I realized that my that the scheduler doesn't schedule task when there is a lot of tasks to process (See Gantt view below)
(don't pay attention to the colours, the red tasks are "createTable Operators" that fail if the table already exists so they have to fail 5 times before the next part (the important one) of the DAG runs)
There are gaps of hours between tasks! (for example 5 hours between 10am and 15pm and nothing happened)

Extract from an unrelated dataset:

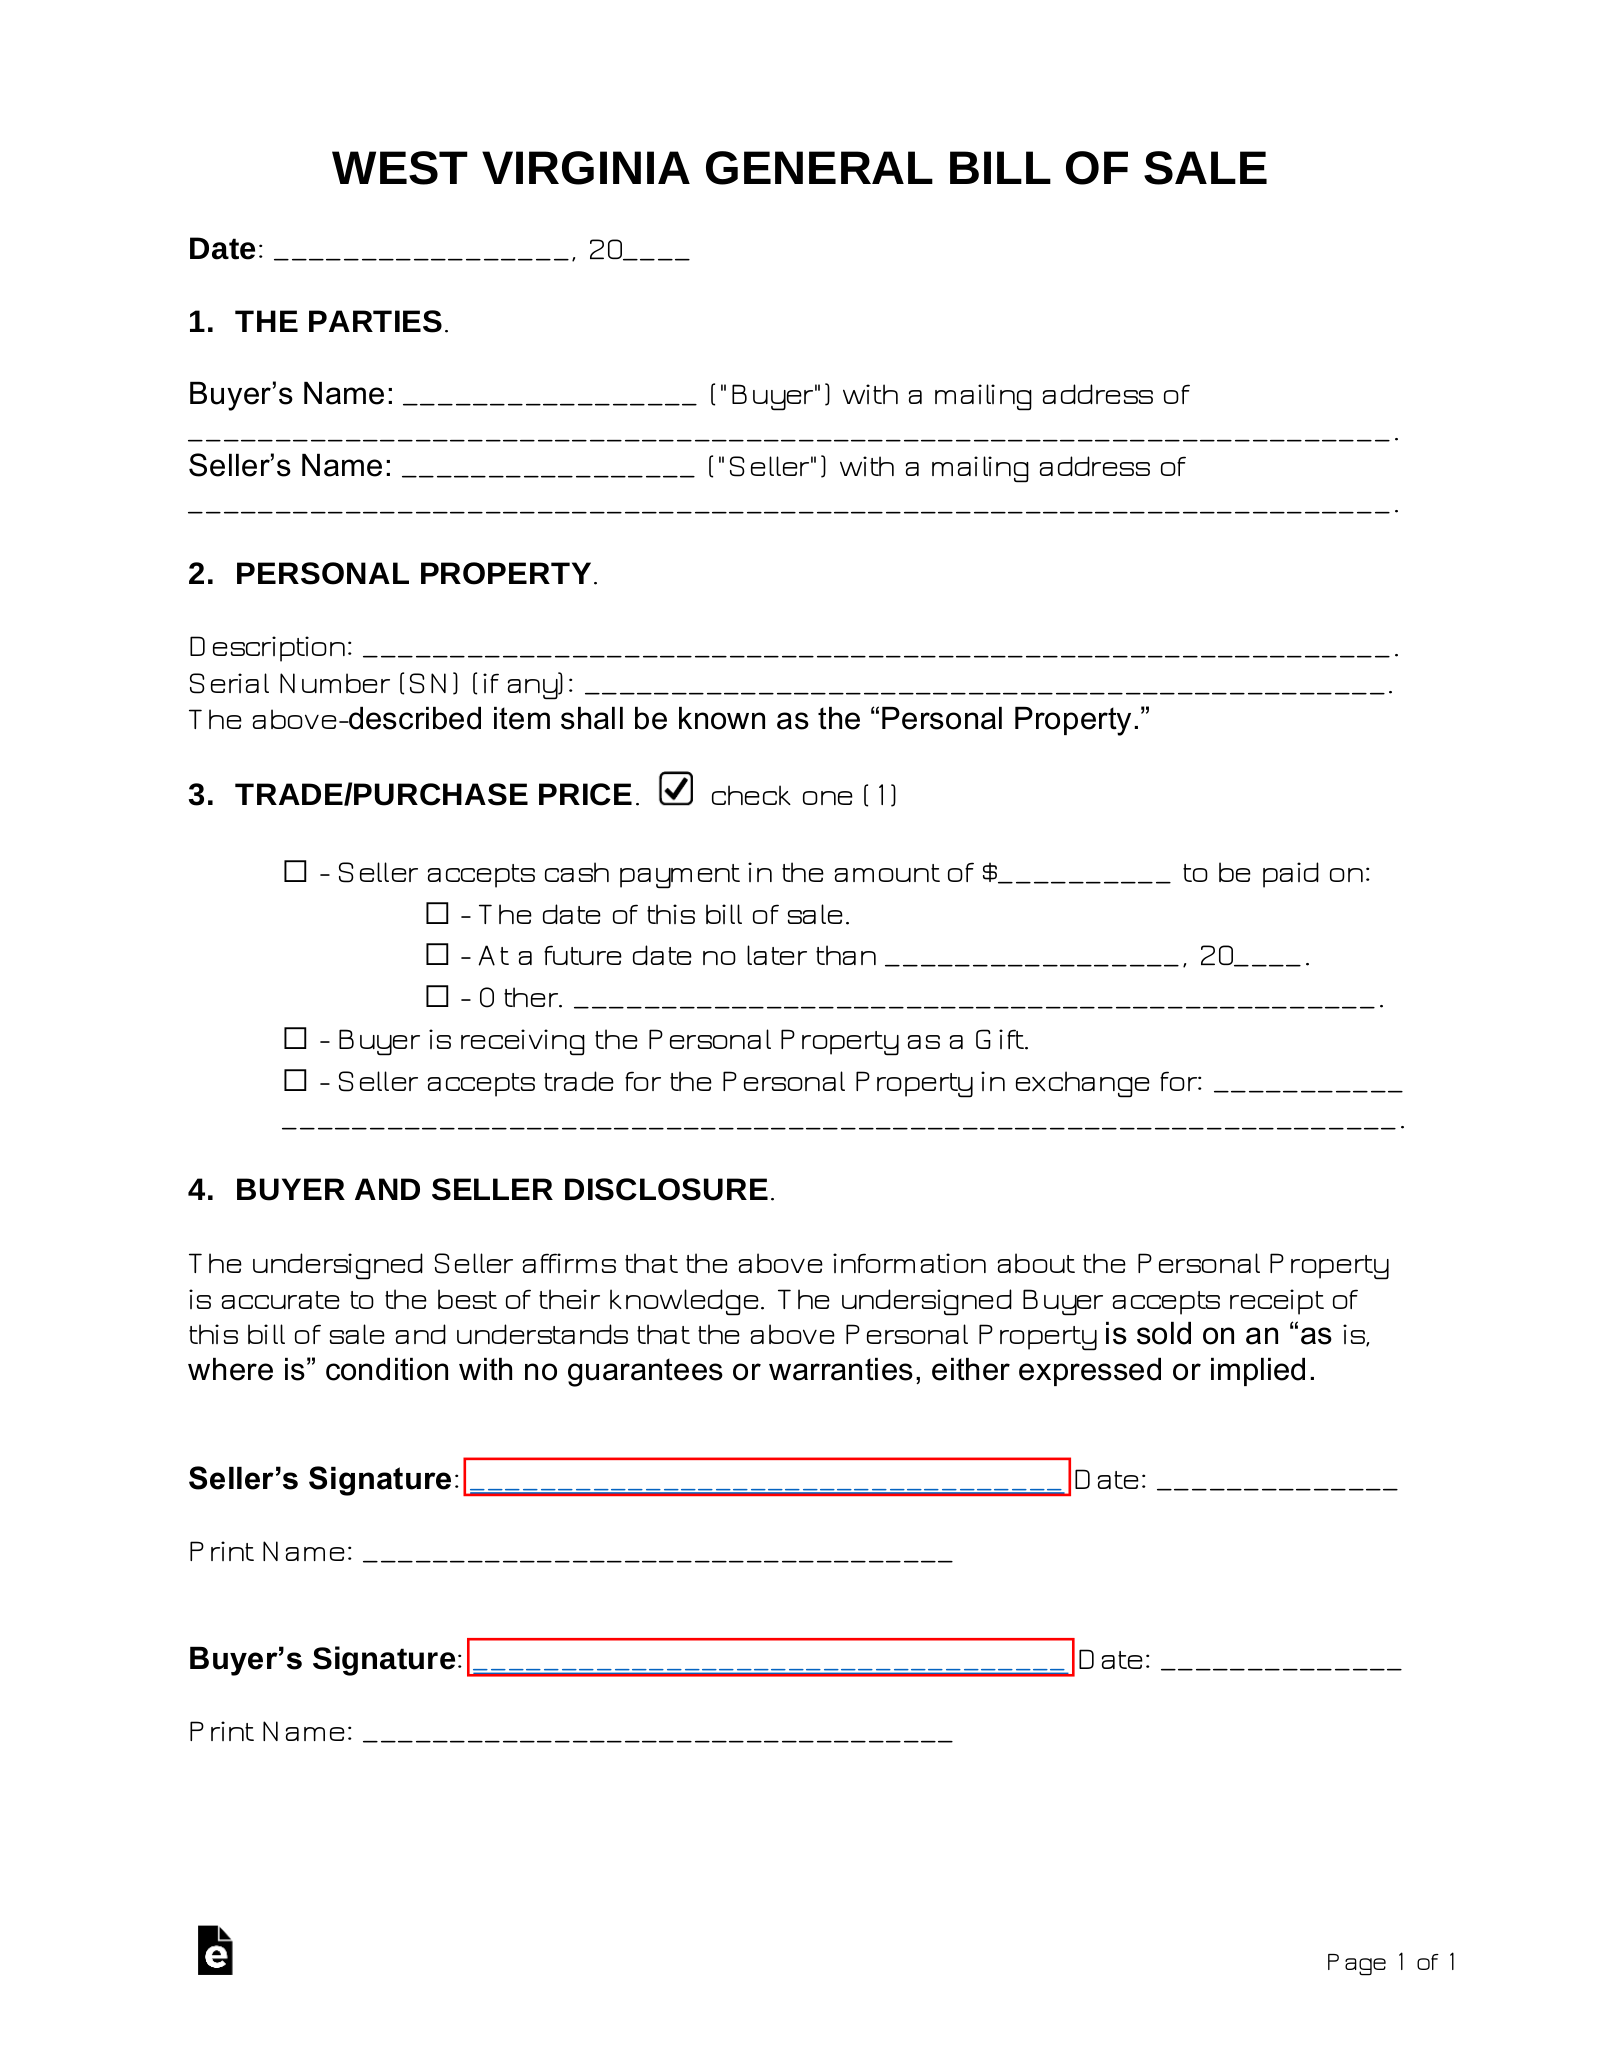 Free West Virginia General Bill Of Sale Form

Normally it works fine with ~40 DAGs with about 100-200 tasks each (sometimes a bit more). But recently I added 2 DAGs with a lot of tasks (~5000 each) and the scheduler is very slow or doesn't schedule tasks. On the screenshot, I paused the 2 DAGs with a lot of tasks at 15pm and the scheduler is back again, doing its work fine.
Do you have any solution about it?
Airflow is meant to be a tool that handle an "infinite" amount of tasks.
Here are some information about my environment:
- version: composer-1.10.2-airflow-1.10.6
- cluster size: 6 (12vCPUs, 96GB of memory)
Here are some information about airflow configuration:
╔════════════════════════════════╦═══════╗
║ Airflow parameter ║ value ║
╠════════════════════════════════╬═══════╣
║ -(celery)- ║ ║
║ worker_concurrency ║ 32 ║
║ -(webserver)- ║ ║
║ default_dag_run_display_number ║ 2 ║
║ workers ║ 2 ║
║ worker_refresh_interval ║ 60 ║
║ -(core)- ║ ║
║ max_active_runs_per_dag ║ 1 ║
║ dagbag_import_timeout ║ 600 ║
║ parallelism ║ 200 ║
║ min_file_process_interval ║ 60 ║
║ -(scheduler)- ║ ║
║ processor_poll_interval ║ 5 ║
║ max_threads ║ 2 ║
╚════════════════════════════════╩═══════╝
Thank you for your help
EDIT:
26 of my DAGs are created by a single .py file by parsing a huge JSON variable to create all the DAGs and tasks.
Maybe the problem comes from this because today Airflow is scheduling tasks from others DAGs than the 26 (especially the 2 big DAGs) I described. More precisely, Airflow is sometimes scheduling the tasks of my 26 DAGs but it schedules much more easily and more often the tasks of the other DAGs.